Exercise:
Down to the last line, restate the records word for word, but not the pictures.

Raw data:
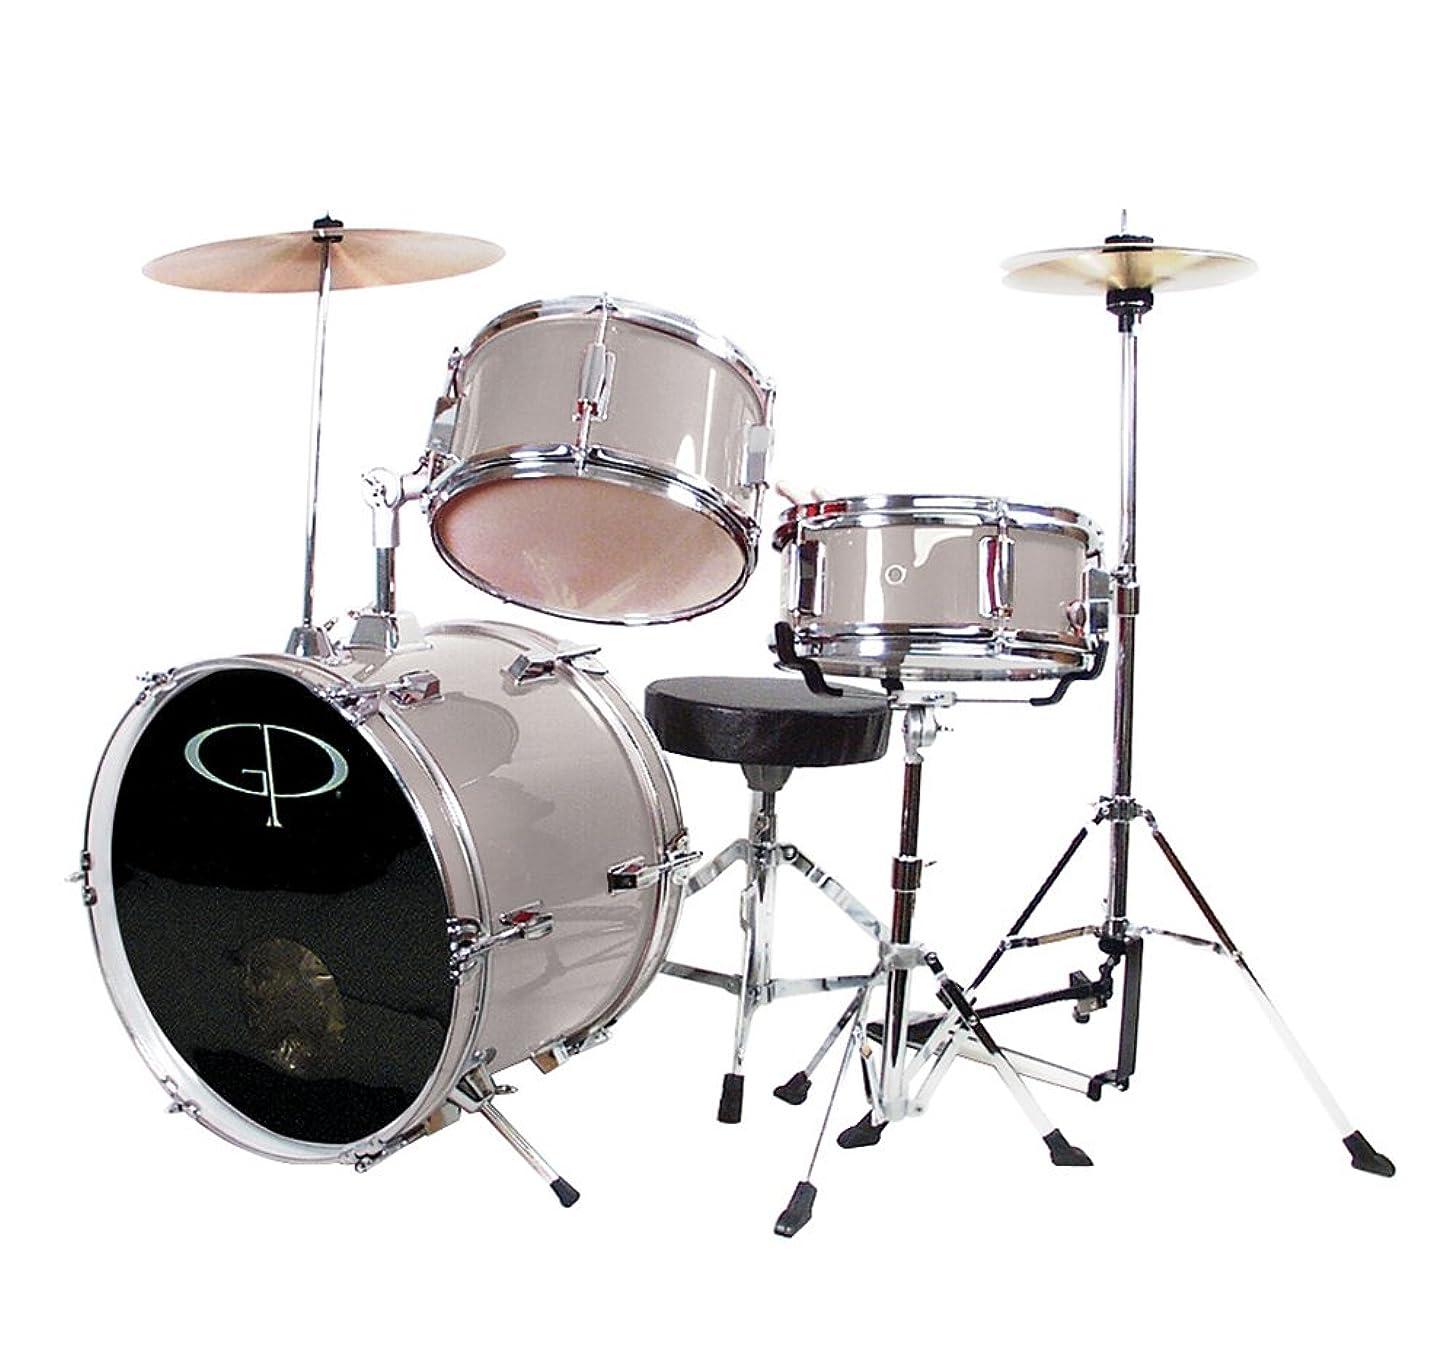 GP Percussion GP50SV Complete Junior Drum Set (Silver, 3-Piece Set)
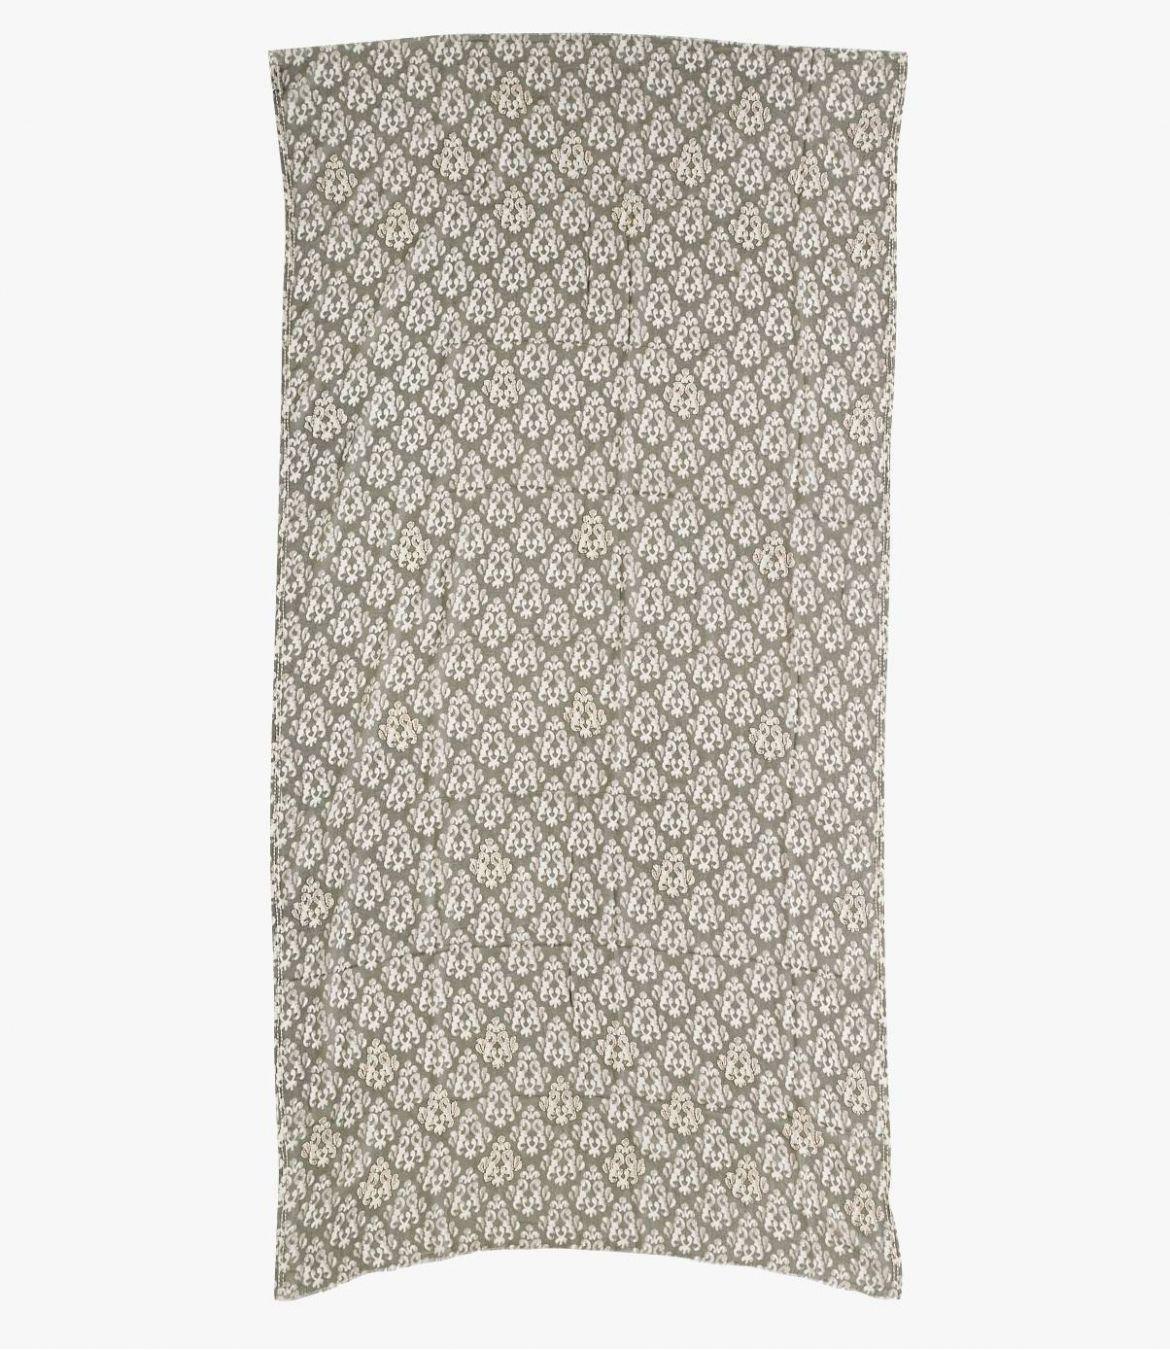 CHARMANTE Modal scarf, Women's wool 100 x 200 CM Storiatipic - 2
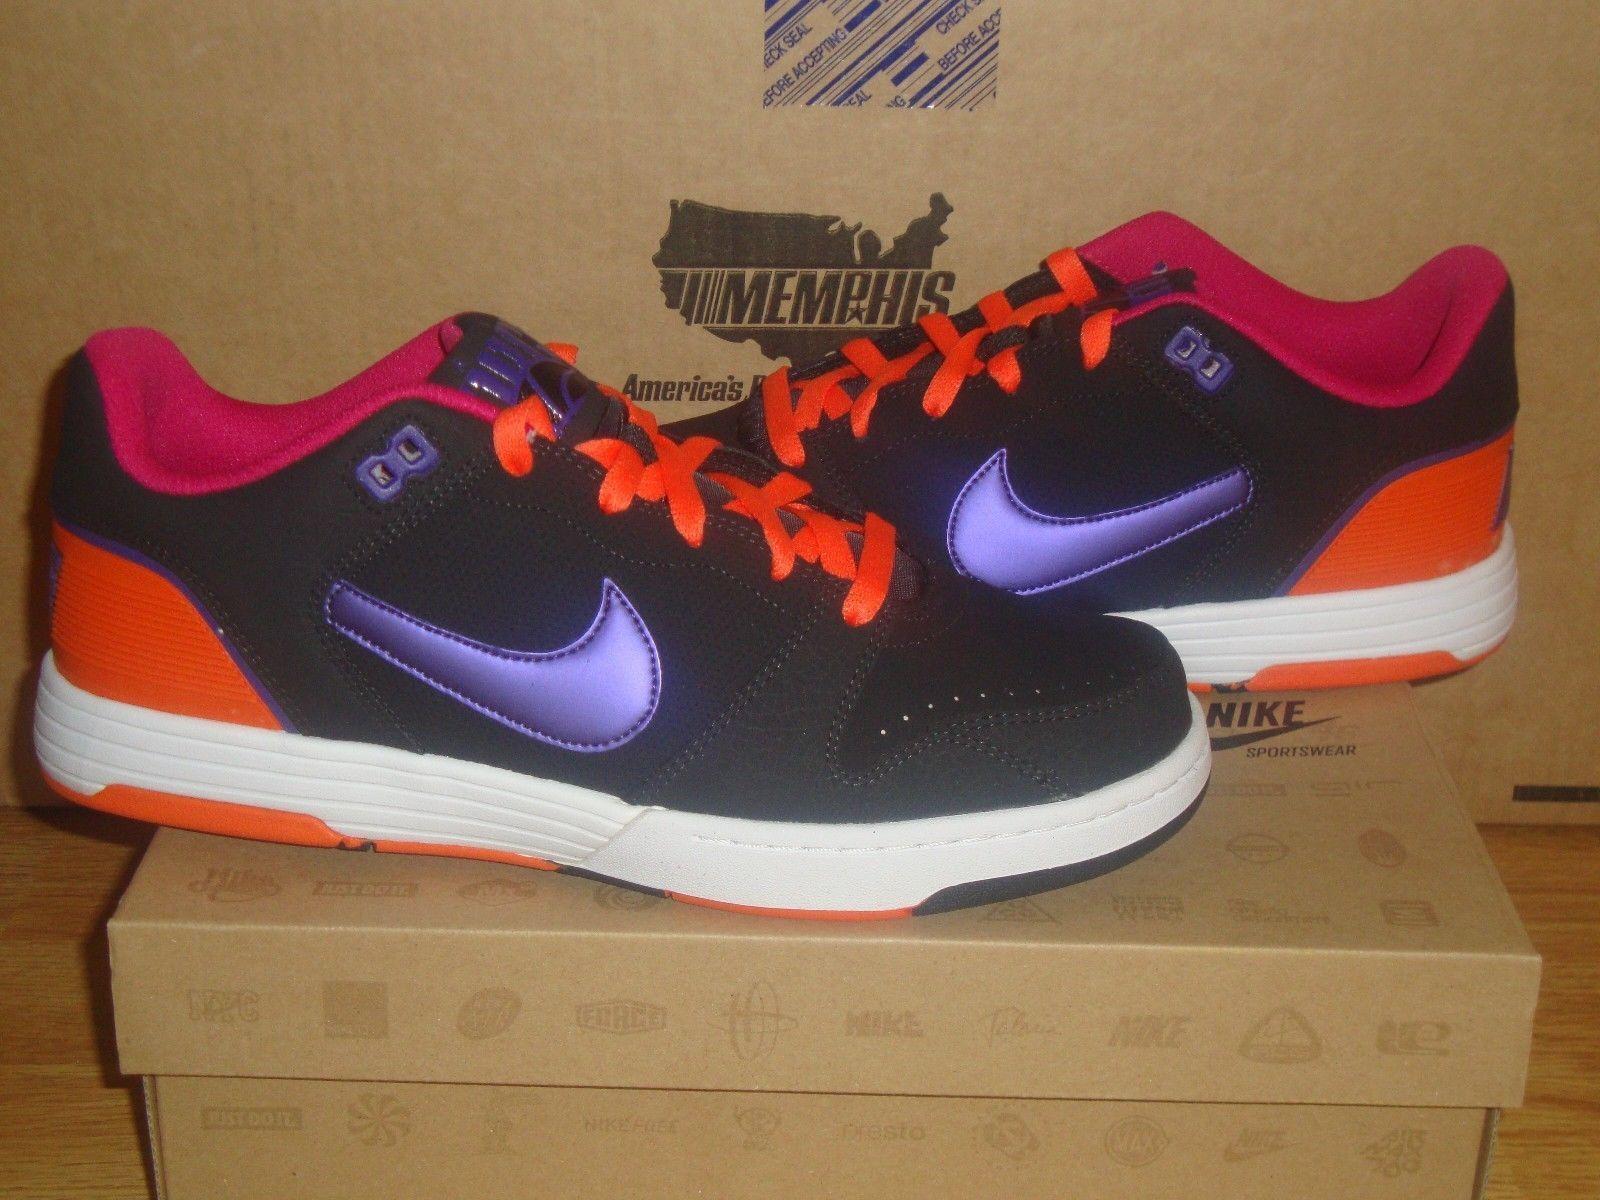 Nike Mach Force Low Black Purple Skate Shoes Dunk SB 525313-050 SWEET SHOE SKUNK
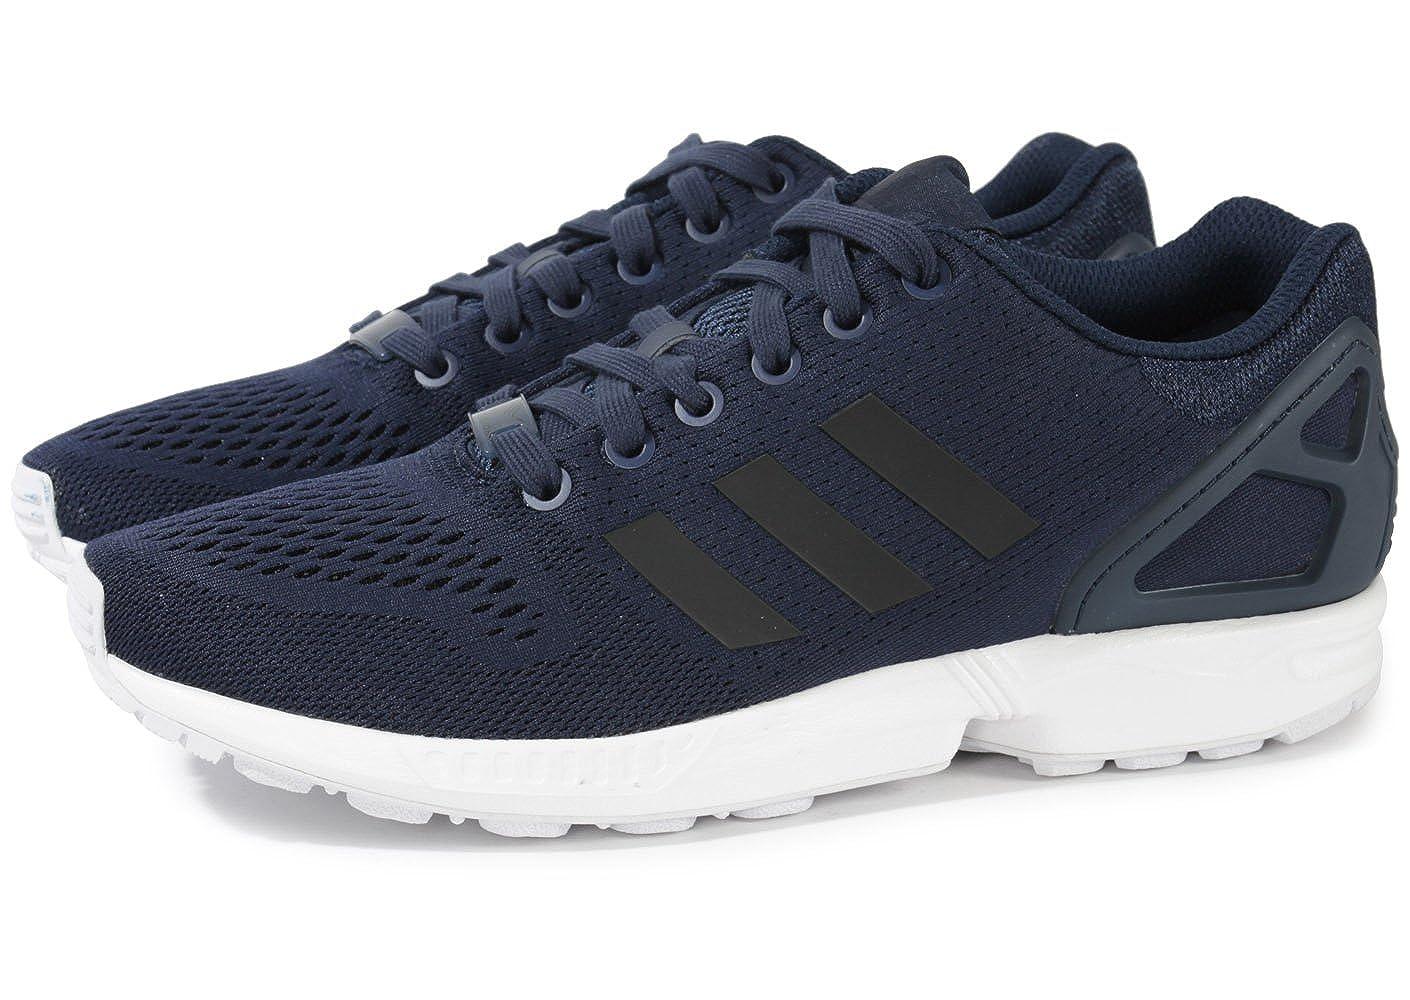 new concept 7ab7e fcb65 Adidas ZX Flux Navy Blue 41?: Amazon.co.uk: Shoes & Bags
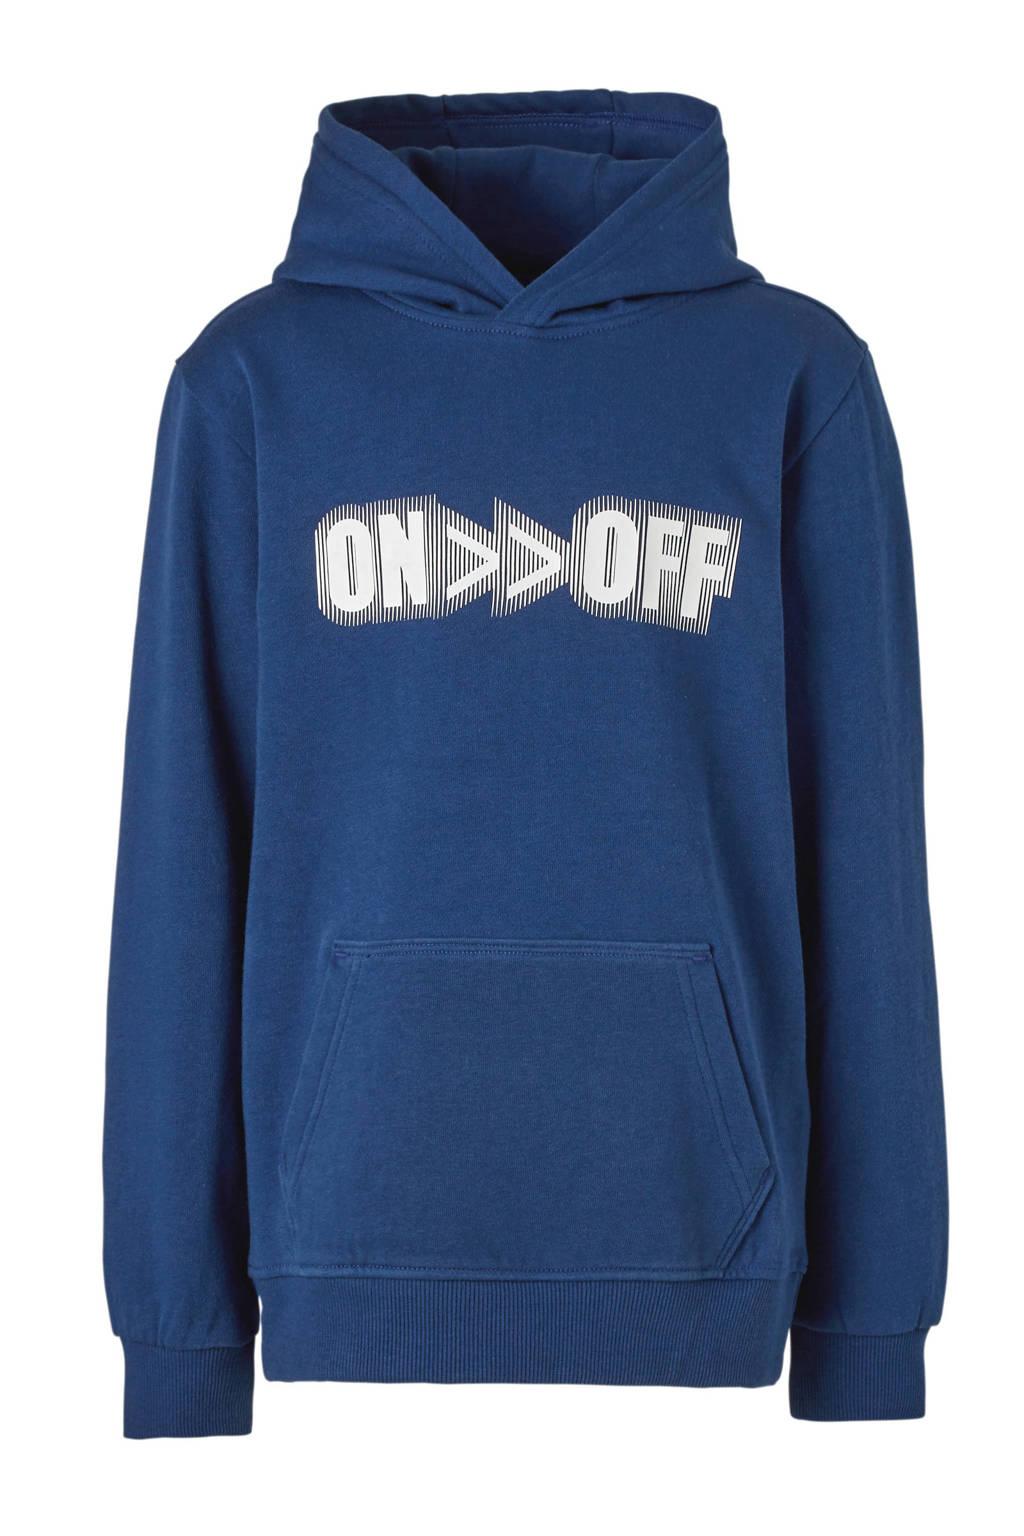 Mitch hoodie Mex donkerblauw, Donkerblauw/wit

Response:
 GP Percussion GP50SV Complete Junior Drum Set (Silver, 3-Piece Set)
 CHARMANTE Modal scarf, Women's wool 100 x 200 CM Storiatipic - 2
 Nike Mach Force Low Black Purple Skate Shoes Dunk SB 525313-050 SWEET SHOE SKUNK
 new concept 7ab7e fcb65 Adidas ZX Flux Navy Blue 41?: Amazon.co.uk: Shoes & Bags
 Mitch hoodie Mex donkerblauw, Donkerblauw/wit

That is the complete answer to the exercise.